Median time to ANC recovery for frontline HMA/Ven was 30d (range 7-75d) with AF prophylaxis compared to 31d (range 7-90d ) with no AF use in C1 (P=0.411). ANC recovery for relapsed/refractory (R/R) MDS was 38.5d (SD 22) with AF prophylaxis vs 40d (SD 18) with no AF prophylaxis C1 (P=0.38). In C2, there was a trend towards prolonged ANC recovery with AF use in both frontline (41.5d with AF vs 26d without AF; P=0.39) and R/R patients (35.5d with AF vs 22d without AF; P=0.25).

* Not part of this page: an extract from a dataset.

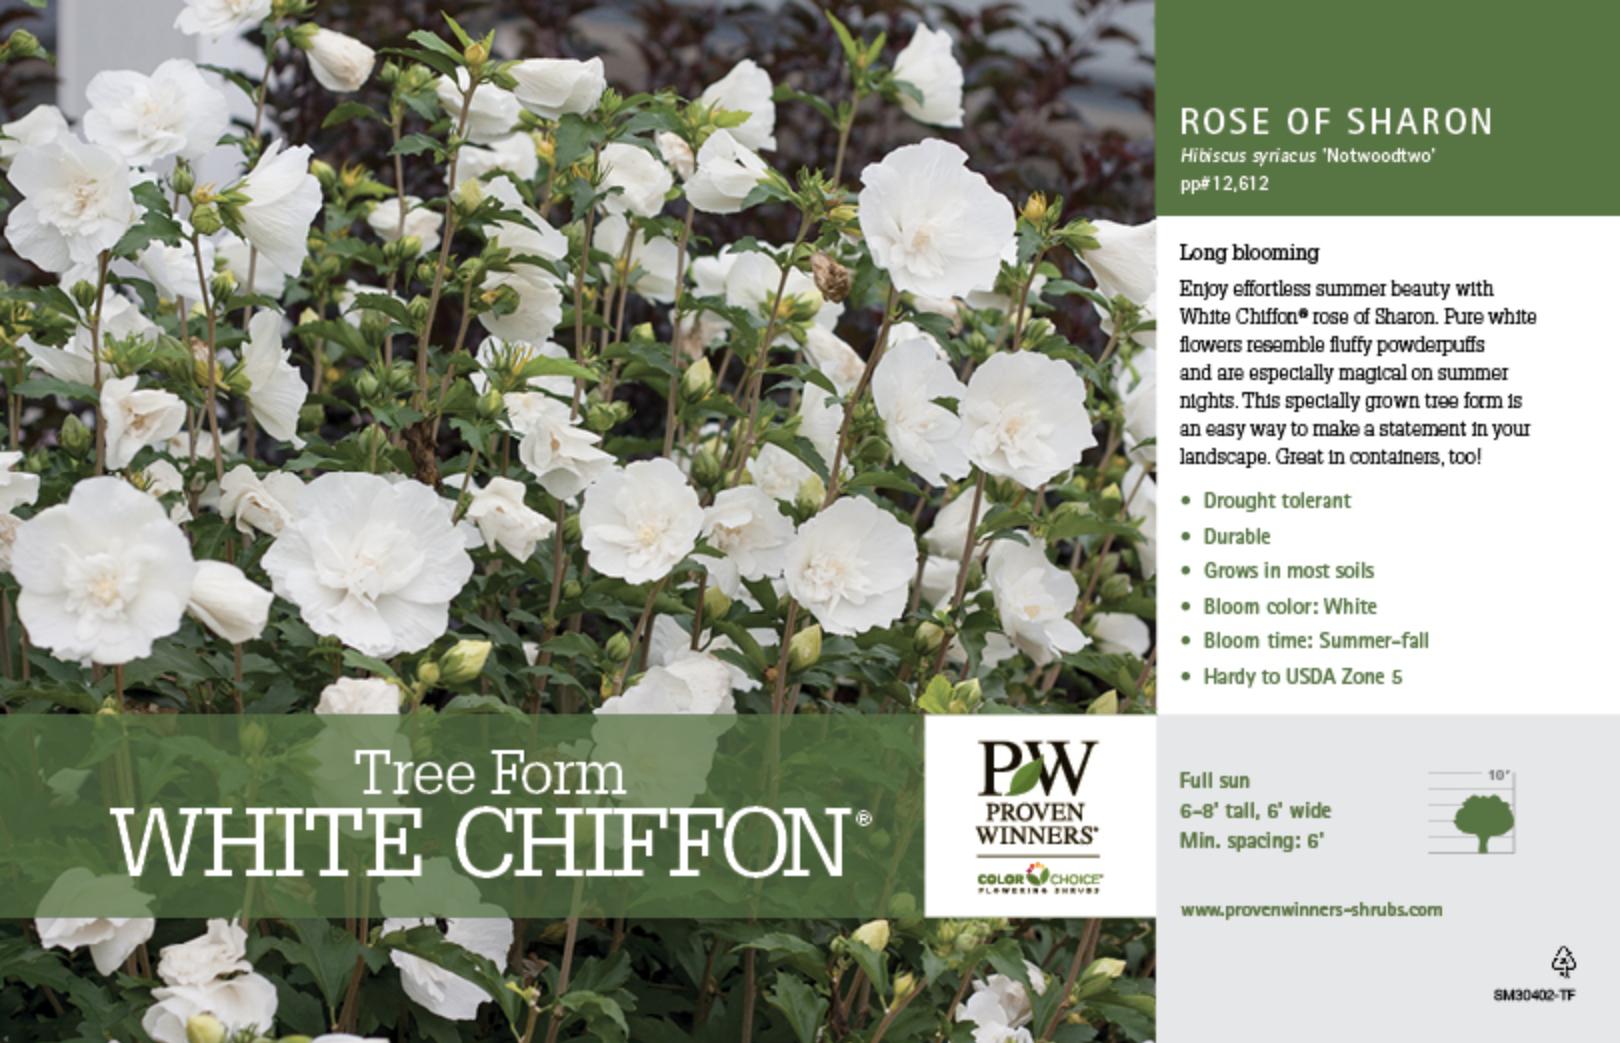 Hibiscus White Chiffon Tree Form Rose Of Sharon 11x7 Variety
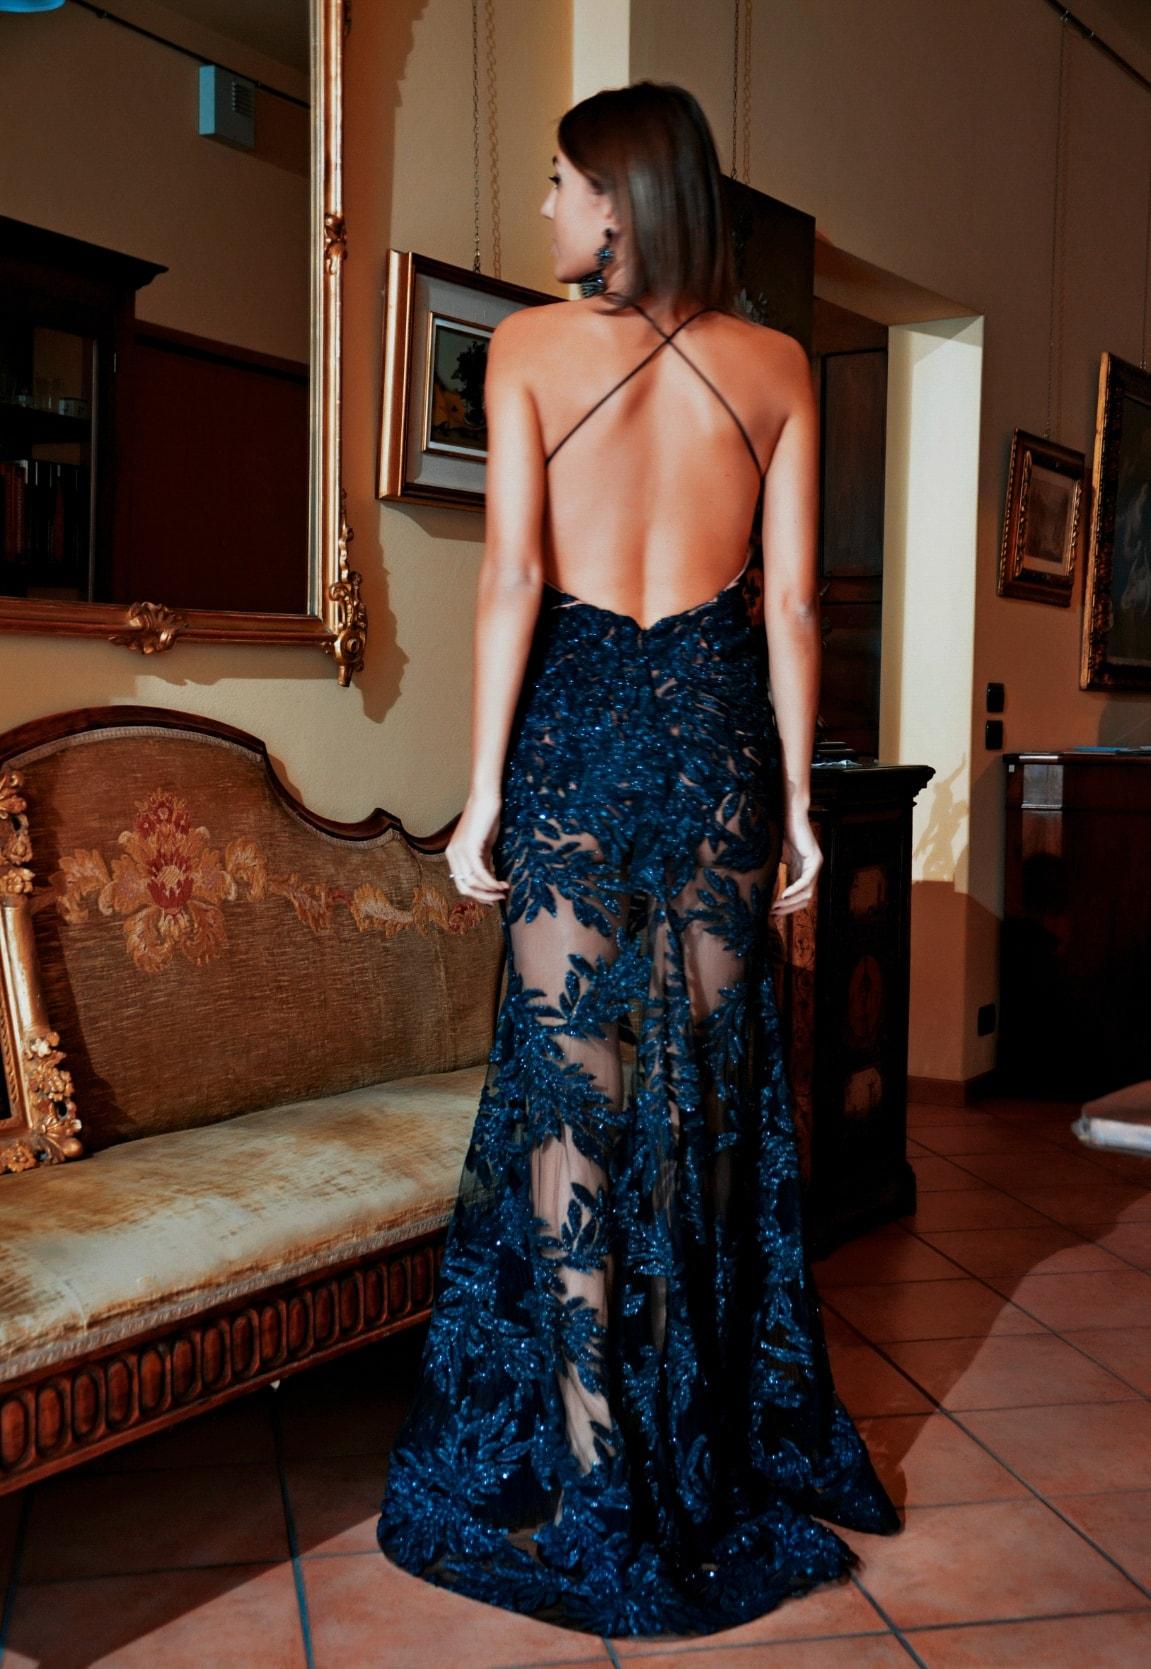 Abiti Da Cerimonia Nadine.Stella Dress From Nadine Merabi Welcome To My World

OS data were available for 89 patients with median OS (mOS) being 26.2 months (m) for patients receiving frontline HMA/Ven compared to 13.2m for patients with R/R MDS who had HMA prior to HMA/Ven. No difference in OS was observed based on AF use in either frontline or R/R MDS (P=0.4).

Mutational analysis for frontline patients showed mOS of 9.6m in patients with TP53 mutations, 24m in splicing mutations (P=0.347 compared to TP53, 25.1m for epigenetic mutations (P=0.195), 34m for RAS pathway mutations (P=0.154), and 35.7m in patients with none of the prior 4 mutations (P=0.075). Mutational analysis for R/R showed: mOS of 6.2m in patients with TP53 mutations, 12.2m in splicing mutations (P=0.048 when compared to TP53), 11.5m for epigenetic mutations (P=0.053), 27.1m for RAS pathway mutations (P=0.019), and 21.6m in patients with none of the prior 4 mutations (P=0.024).

29 patients underwent allogeneic hematopoietic stem cell transplantation (allo-HSCT ). Regarding HSCT, the mOS in frontline patients who underwent HSCT was 39.7m vs 24.1m in non-HSCT patients (P=0.04). mOS in R/R patients was 36.2m vs 9.1m in HSCT vs non-HSCT patients, respectively (P <0.001). There was a trend for improved mOS in 14d vs 21d Ven in both frontline patients (29.2m vs 18.7m, respectively; P=0.204) and R/R patients (28.2m vs 9.8m ; P= 0.0987). Median number of cycles in patients not transplanted was 3 (range 1-30). Regarding TP53 mutations: N=2 went to allo-HSCT with mOS of 5.9m compared to mOS 7.9m (n=15) in non-HSCT (P=0.269).

Conclusion

IFI was rare and independent of prophylactic AF use. No detriment in outcomes based on time to ANC recovery or survival was observed based on AF use. TP53 patients had inferior OS with HMA/Ven irrespective of frontline or R/R setting with no other molecular subgroups prognostic of OS. Long term outcomes are significantly improved with HMA/Ven, particularly in patients bridged to allo-HSCT.